Bolsters Your Immune System

Those polyphenols don’t only reduce heart inflammation, but inflammation elsewhere in the body. Further aiding your immune system is how polyphenols can prevent cellular mutation and DNA damage.

Altogether, you’re at a lower risk of autoimmune diseases and diabetes. Your immune system will also be primed and ready to go!

Betters Your Mood

No, it’s not that eating sweets makes you happier, although that is true. The healthy fats in cocoa butter encourage mood stability too.

Keeps Your Skin Looking Great

Besides eating it, another popular use of cocoa butter is as a skin remedy. The polyphenols in cocoa butter could increase skin hydration, maintain collagen production, and keep your skin supple and bouncy. By reducing inflammation, your skin will look healthier and younger longer.

Cocoa butter is also a fantastic source of antioxidants that erase the wreckage of free radicals. Few things age your skin faster than free radicals, so avoiding these as best you can is key to good health.

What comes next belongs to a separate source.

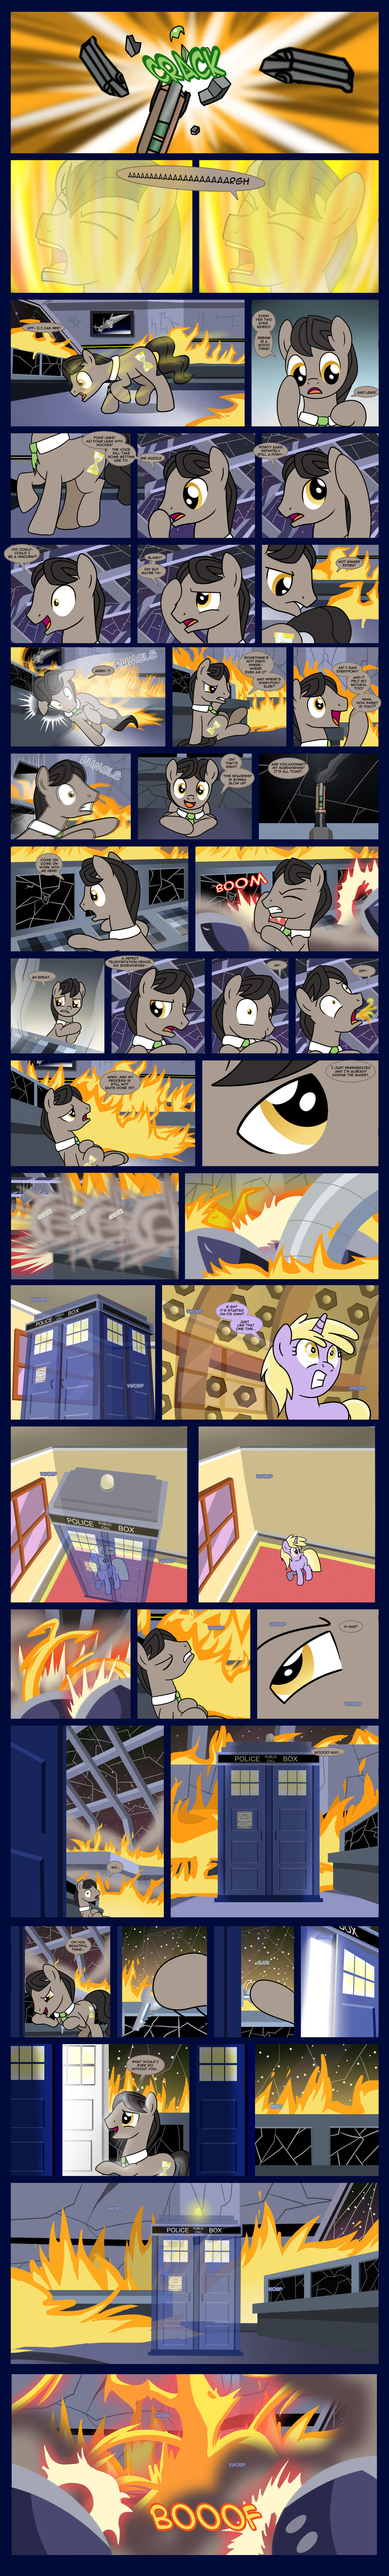 Doctor Whooves - Rebirth Pt 10 by Edowaado

Cocoa Butter Recipes to Try Today

Okay, you definitely need more cocoa butter in your life, stat. The next time you feel like treating yourself, whip up any of these vegan recipes with cocoa butter. You’ll love the taste and your body will love the benefits!

Vegan White Chocolate

Real white chocolate might not have cocoa butter, but this vegan white chocolate recipe from Gluten Free on a Shoestring does. The recipe calls for these ingredients:

  • Pure vanilla extract (1 teaspoon)
  • Kosher salt (1/4th teaspoon)
  • Confectioner’s sugar (1 cup)
  • Natural cashew butter (1 tablespoon)
  • Non-hydrogenated vegetable shortening (4 tablespoons)
  • Chopped raw cacao butter (4 ounces)

Chocolate Truffle Cake

The Healthy Foodie’s chocolate truffle cake recipe is admittedly not vegan, but you can sub out a few ingredients and still stick to your diet. Here’s what the recipe uses for the filling:

  • Chopped cacao paste (half a pound)
  • Full-fat coconut milk (1 can)
  • Himalayan salt (1/4th teaspoon)
  • Ancho chile powder (1/4th teaspoon)
  • Pure vanilla extract (1 tablespoon)
  • Vegan ghee (1/4th cup)
  • Coconut oil (1/4th a cup)
  • Raw cacao powder (half a cup)
  • Vegan honey (1/4th a cup)
  • Date paste (half a cup)

For the pie crust, ready these ingredients:

  • Himalayan salt (1/4th teaspoon)
  • Ground cinnamon (1 teaspoon)
  • Vegan ghee (2 tablespoons)
  • Date paste (1/4th cup)
  • Coconut flour (1/4th cup)
  • Unsweetened shredded coconut (half a cup)
  • Raw pecans (half a cup)
  • Walnuts (half a cup)

Vegan Chocolate

Hershey’s who? You’ll never eat store-bought chocolate again when you can make your own vegan version with cocoa butter. Minimalist Baker says you need these recipe quantities:

  • Cacao nibs
  • Sea salt (just a pinch)
  • Vanilla extract (1 teaspoon)
  • Unsweetened cocoa powder (half a cup)
  • Agave nectar or vegan maple syrup (3 to 5 tablespoons)
  • Chopped cocoa butter (1 cup)

Conclusion

Cocoa butter is the primary ingredient in all chocolate, from white to dark. It comes from cocoa beans, thus making this “butter” non-dairy and vegan on its own. Just watch how food manufacturers use cocoa butter, as those products aren’t always vegan. You can always make your own chocolate at home using cocoa butter for an authentic chocolatey taste!